Sunday, February 2, 2014

If only the reforms were even more radical...

The neoliberal belief that the failure of the Washington Consensus was caused by its insufficient application is alive and well.  In yesterday's NYT, Juan Carlos Hidalgo from the Cato Institute maintains that Costa Rica's problems are caused by excessive protection, incentives to selected sectors like tourism and a weak exchange rate. He concludes that "what Costa Rica needs are genuine market reforms that eliminate the government’s power to pick winners and losers."  At the same time, he repeats the unproven claim that Frente Amplio wants to replicate Chavez's policies.  

This is rather surprising: together with Mexico and Chile, Costa Rica has been an avid participant in free trade agreements.  Openness has radically transformed the agricultural sector and has reduced the opportunities to survive through subsistence agriculture for the domestic market.  Most of the manufacturing sector has suffered due to liberalization and not despite of it.  The tax system has not helped to raise enough taxes and any attempt to reform it and make it more efficient has failed because of political pressures (including those from the Libertarian party that is closest to Hidalgo's ideas). The problem of Costa Rica is that the current model has failed to support domestic producers and has built few linkages between the dynamic sectors (which receive incentives) and the rest.

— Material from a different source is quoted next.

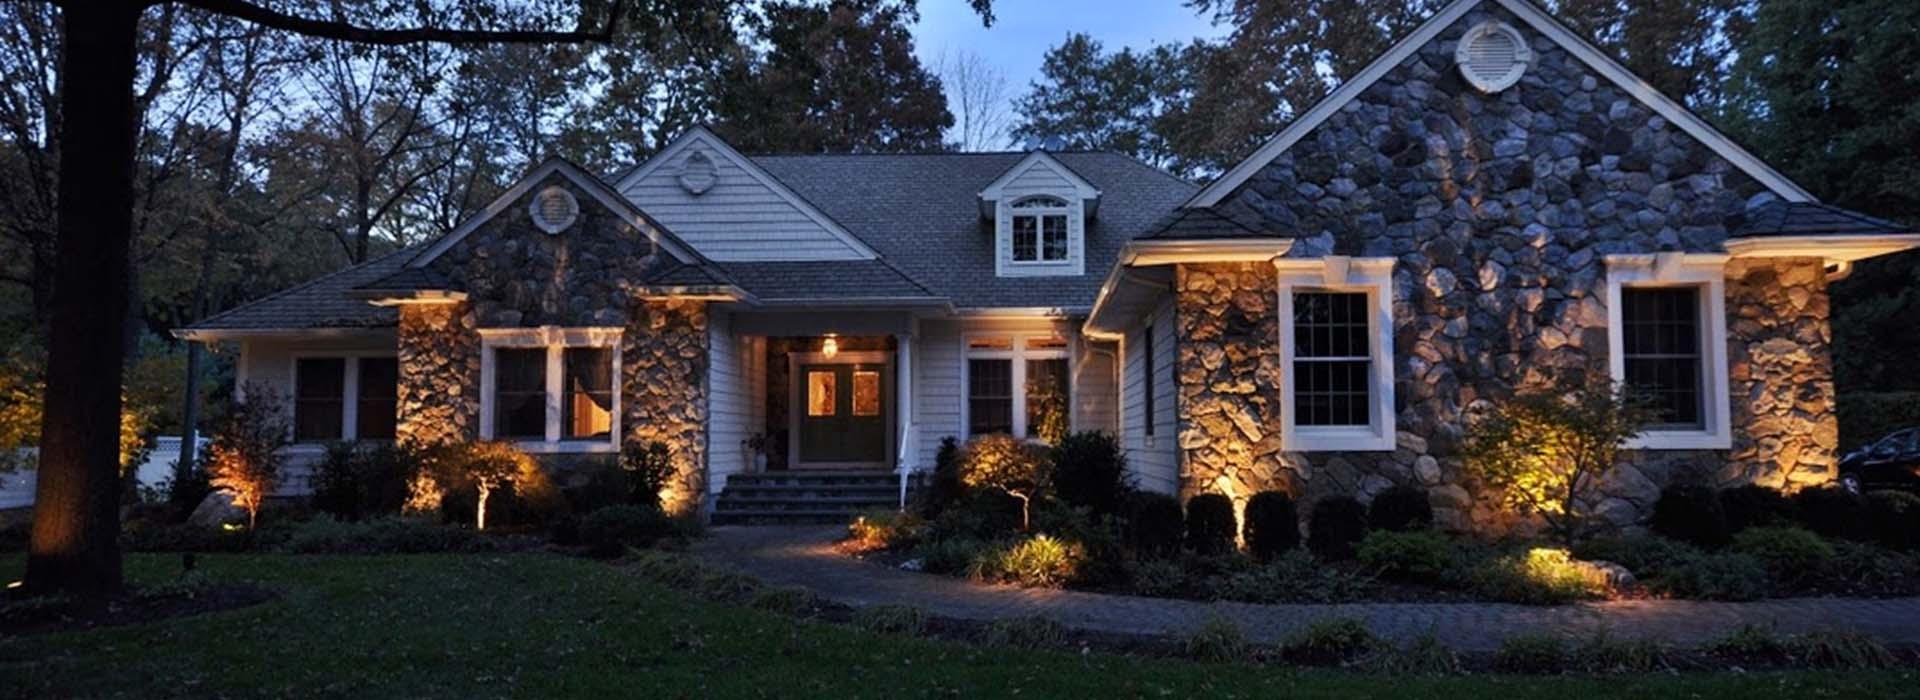 Canete outdoor landscape lighting - How to design landscape lighting plan ...

At the same time, Hidalgo's criticism of the incentives some sectors like tourism have received should be taken seriously by proponents of industrial policy.  The fact is that many of us believe that it is important to develop new sectors and that attracting companies like Intel was probably a good thing.  Yet contrary to what Hidalgo says, the problem has been insufficient state intervention to promote linkages and to use the reduction of external bottlenecks created by higher exports to support other sectors.  This is something Eva Paus in her book on Ireland and Costa Rica and my paper in World Development showed.

Regarding the Frente Amplio, it is just better not to say anything.  The "politics of fear" should be clearly named for what they are: not only unhelpful but also undemocratic!